We reach home without incident. Photos are taken and birds cleaned. Harley and Maggie are in the air-conditioned house on a well-deserved break. I take time to reflect on the day's occurrences. My dogs did great in the field, but my eagerness to get them out blinded me from the obvious risks. I should not have taken them out in those conditions. Looking back it is as obvious as my motto for dog training, "Never set your dog up for failure." That is exactly what I did. I should have refrained from a late morning hunt and opted for another, cooler day. Fortunately, everything turned out all right. This experience will be an ever-lasting reminder of the importance of not pushing my dogs when I shouldn't.
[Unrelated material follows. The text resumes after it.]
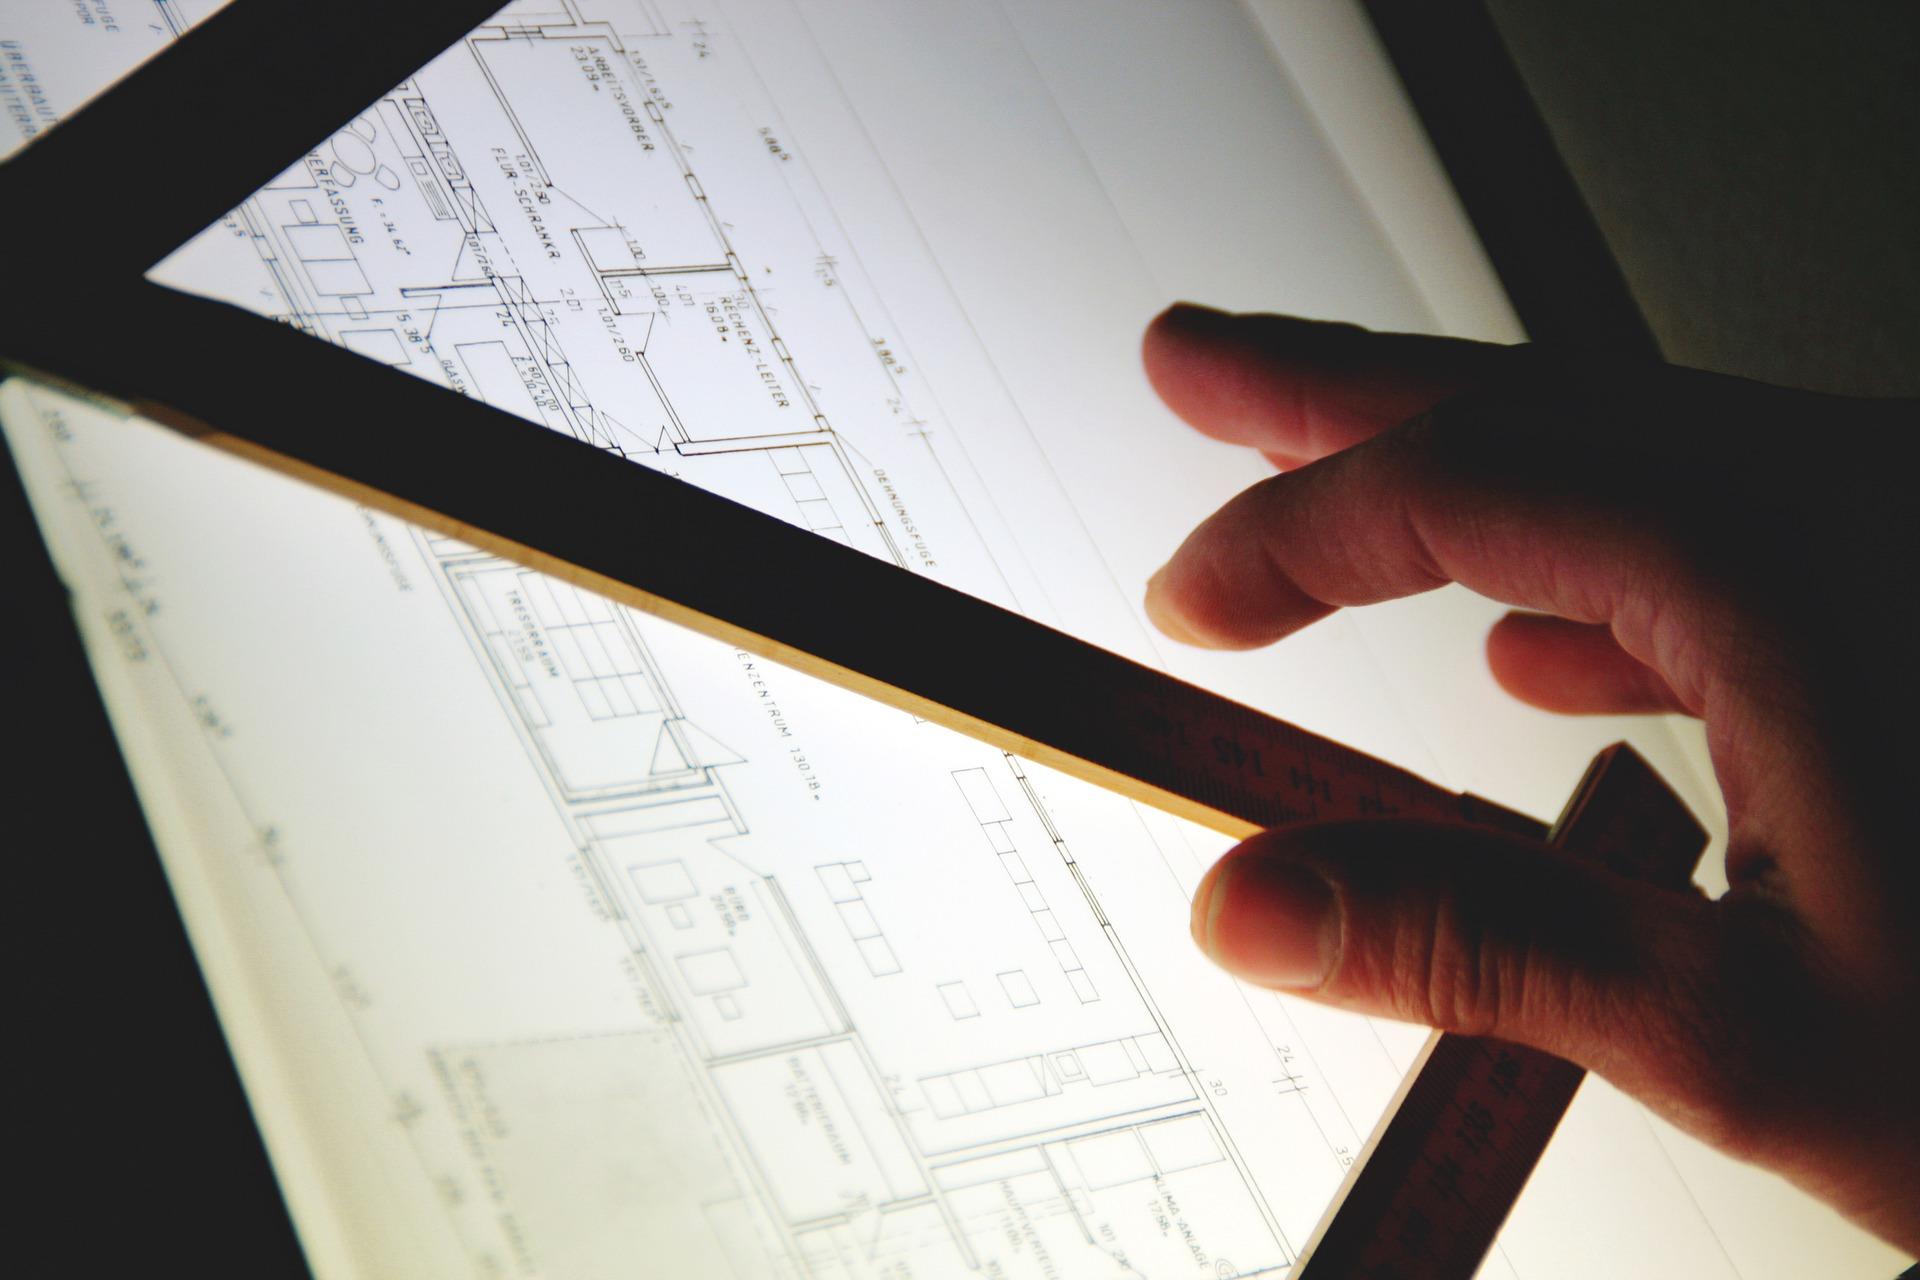 Liste Ordre Des Architectes qu'est-ce que l'ordre des architectes ? - blog archibien

As I finish this, I am thankful for the warmth at my feet provided by two of my best friends in the world - Harley and Maggie, who I am fortunate enough to share my passion of the hunt.

[siteimg]2236[/siteimg]


----------



## Van Wey (Jul 15, 2005)

Excellent post, you nailed it on the dot!!! I hope everyone will read this and realize how easy it can be for dogs to get effected by the heat!!
I truly admire this!!!!!!!!!!!

Thank You


----------



## njsimonson (Sep 24, 2002)

Great story, very well written! Sometimes it is those "tales of mistakes" in the outdoors that save people from a little embarassment, or from feelings of total loss that they never stop blaming themselves for. Kudos to you for stepping up and sharing!

Gunnar was done, as per my 80 degree rule (if the temp feels like 80, we're done) by 10 am on Sat, and noon on Sun. No sense risking my investment, and my hunting buddy, for a bird. We made up for it tonight, one sharpie, one hun, one dove. An early upland tri-fecta!


----------



## taddy1340 (Dec 10, 2004)

nj,

Congrats on the trifecta! Brad Dokken is going to run the story on the GF Herald website. I told him that I just hope it serves as a good reminder to dog owners. It truly opened my eyes to how fast they can overheat. Happy hunting!

mikt


----------



## upland420 (Dec 27, 2004)

Good story...Im glad your dogs are ok. Fine job of looking out for their well being. :beer:


----------